Exercise brief: Word for word, please copy the listing below, with its pictures left out.

Exercise data:
####################
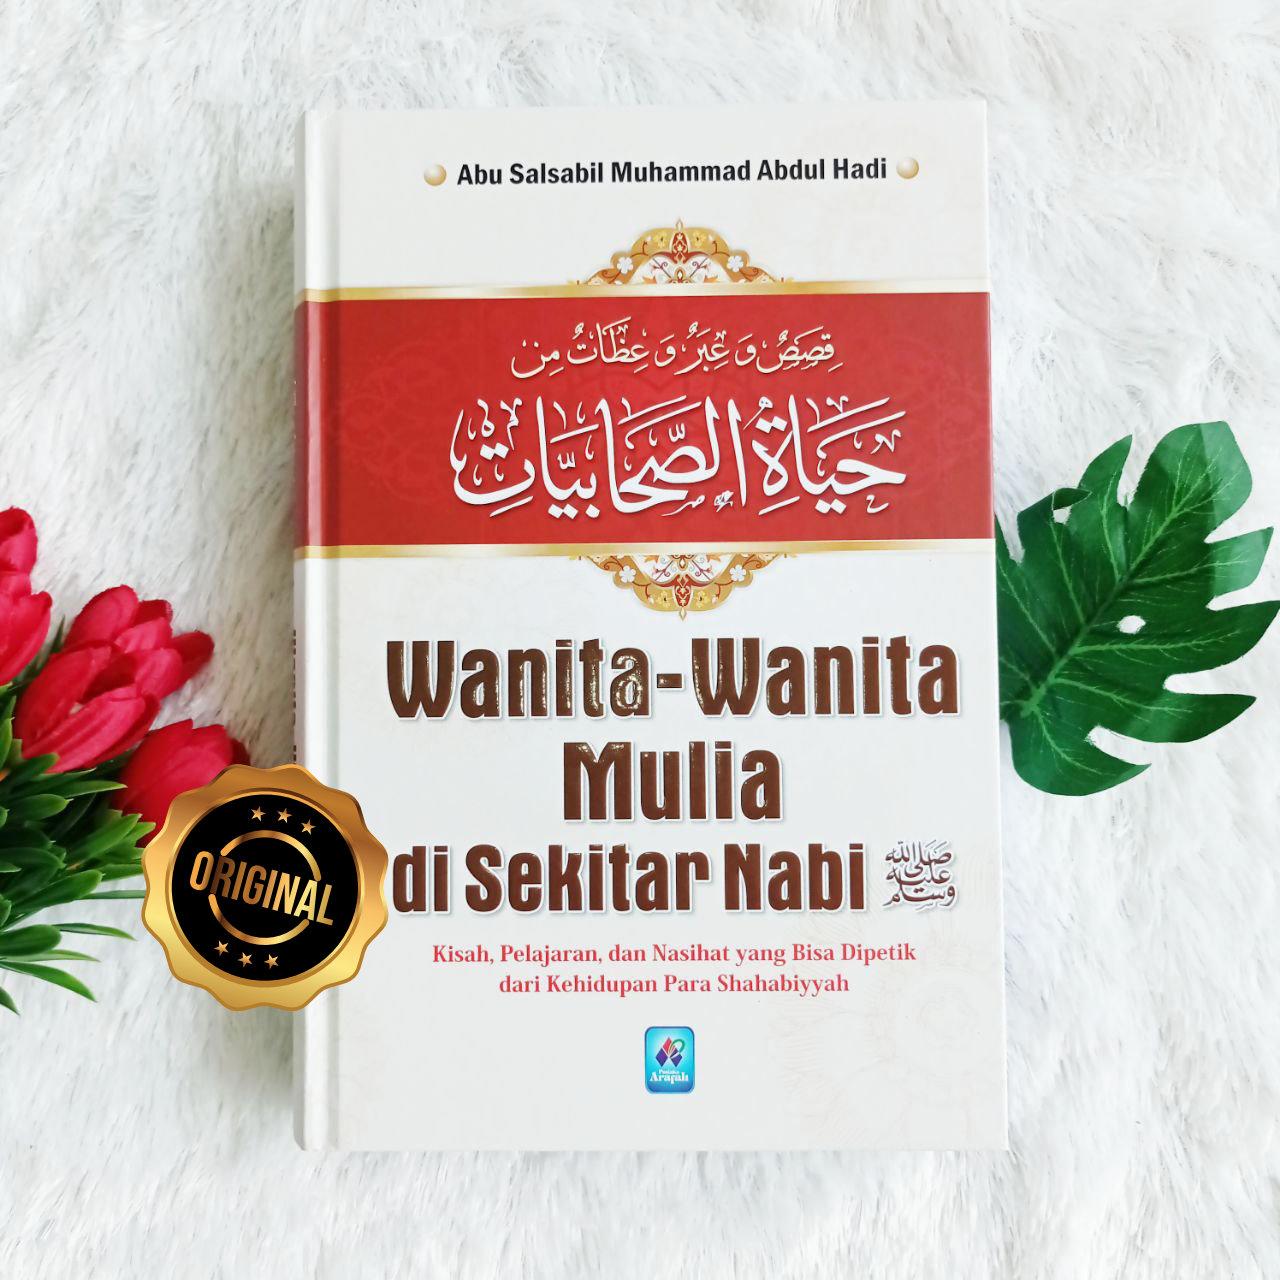 Buku Wanita-Wanita Mulia Di Sekitar Nabi Kisah Pelajaran Nasihat
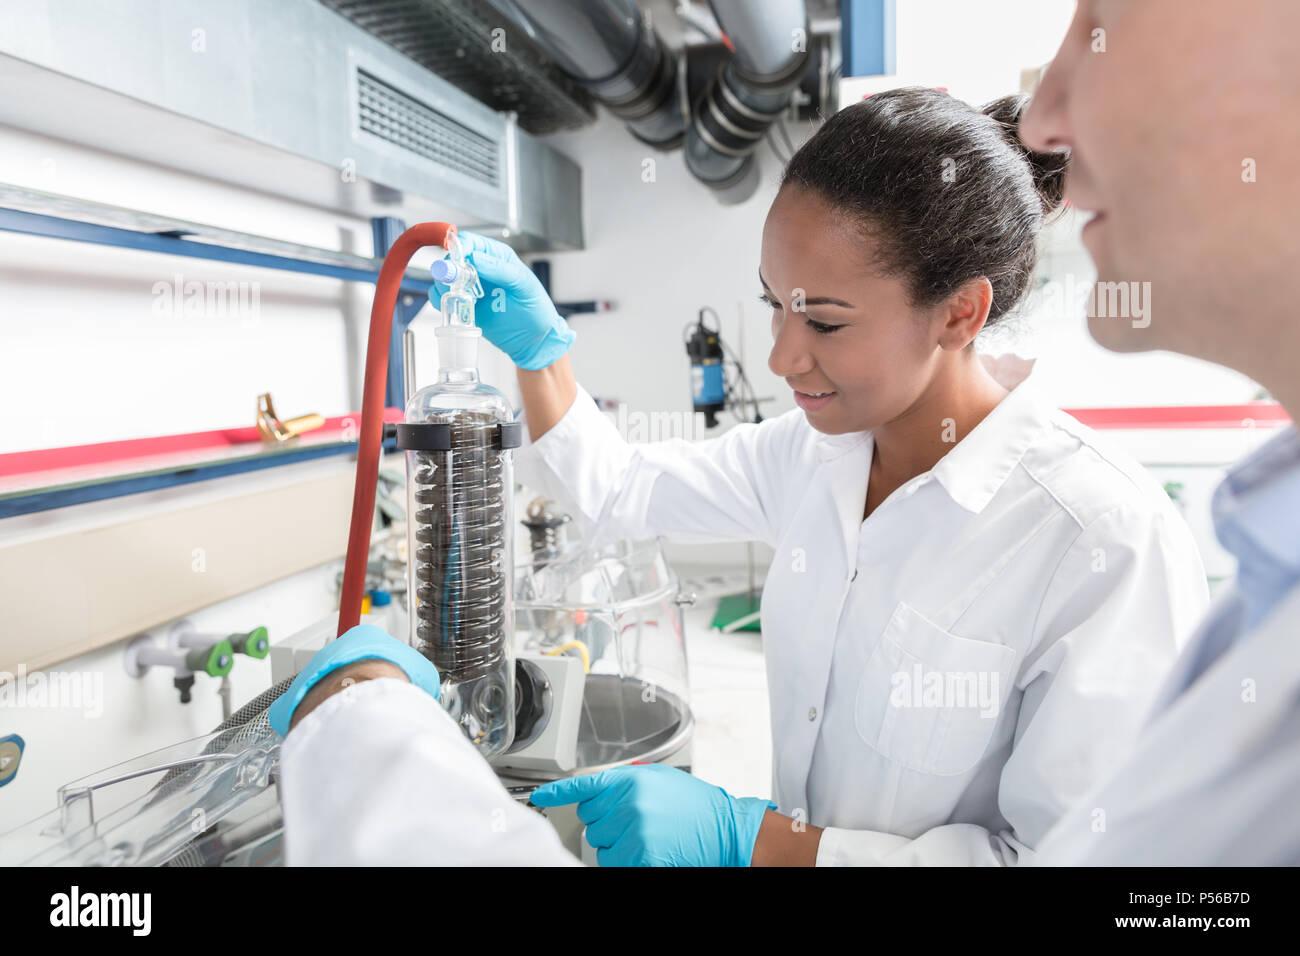 Forscher Vorbereitung Test im wissenschaftlichen Labor Stockbild
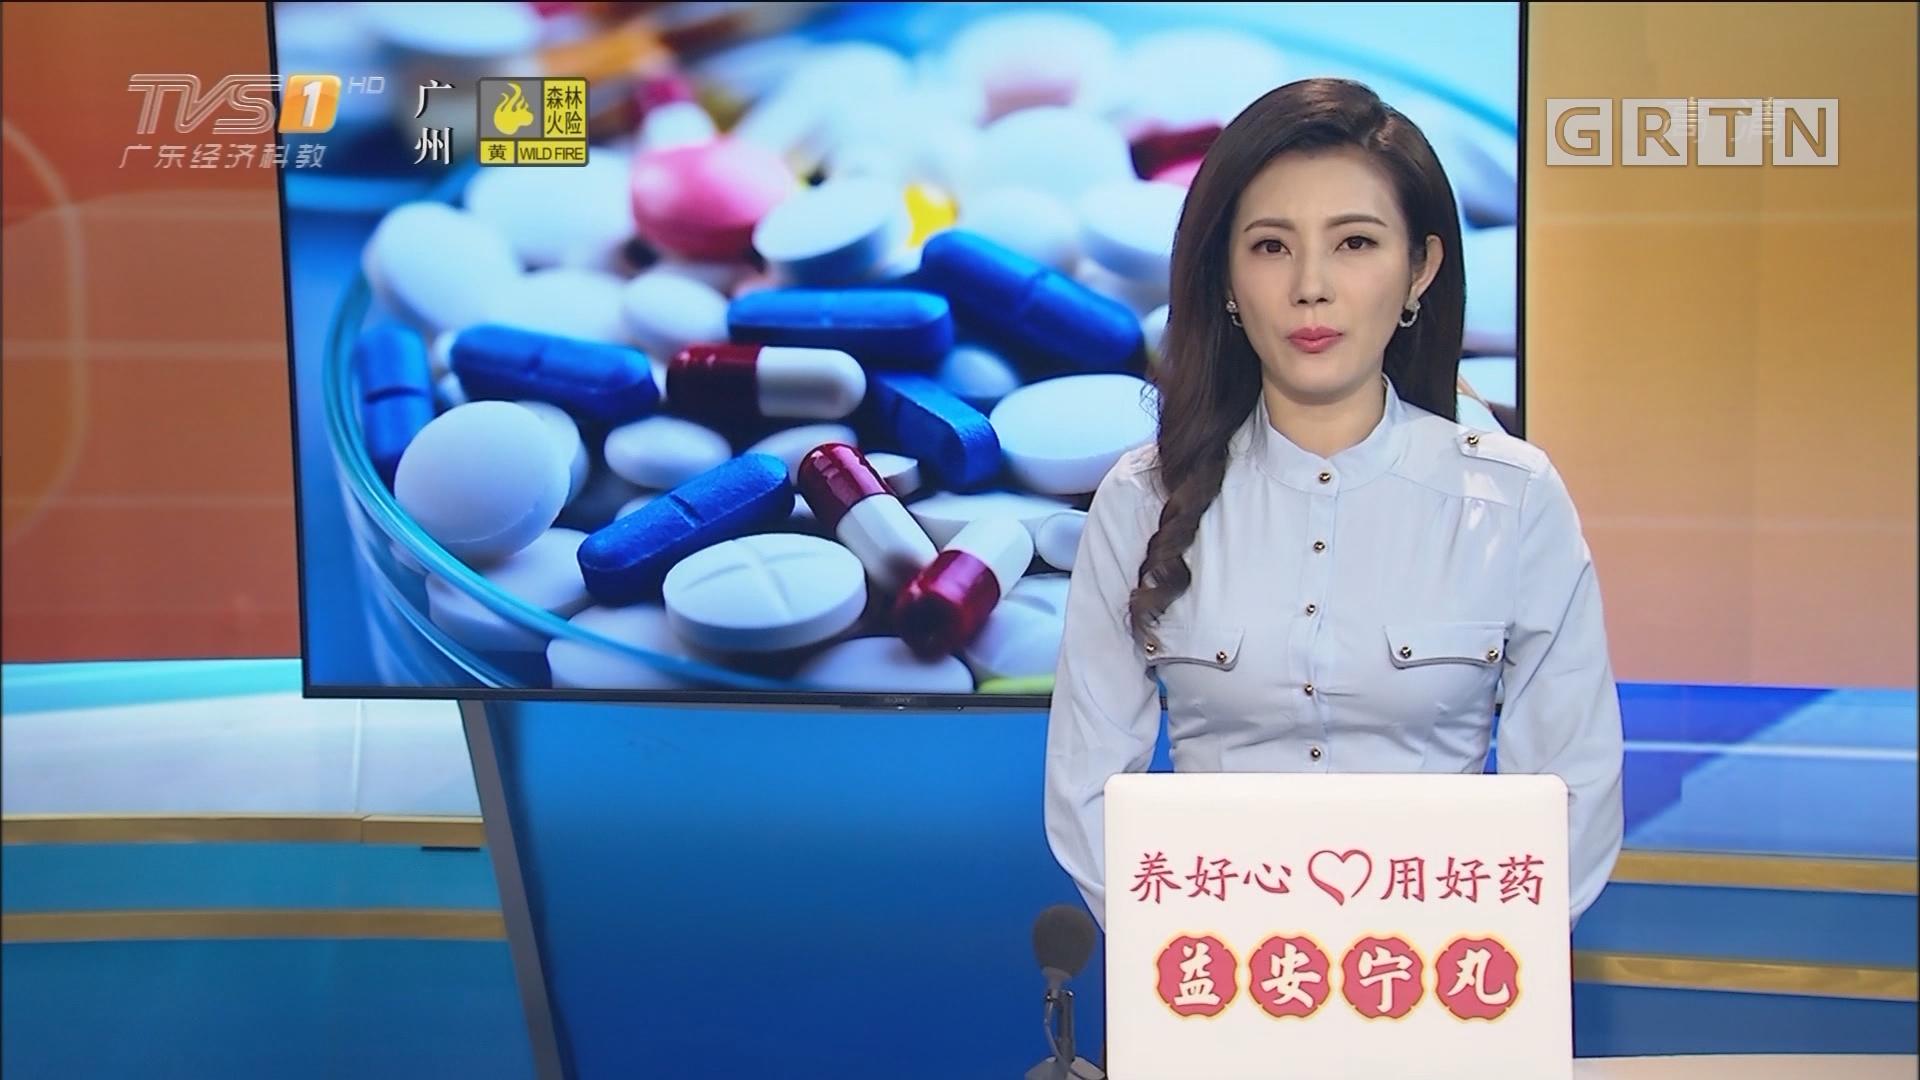 国家药品监督管理局注销85个药品批准文号
####################
Response to the task:
 Buku Wanita-Wanita Mulia Di Sekitar Nabi Kisah Pelajaran Nasihat
 Forscher Vorbereitung Test im wissenschaftlichen Labor Stockbild
 国家药品监督管理局注销85个药品批准文号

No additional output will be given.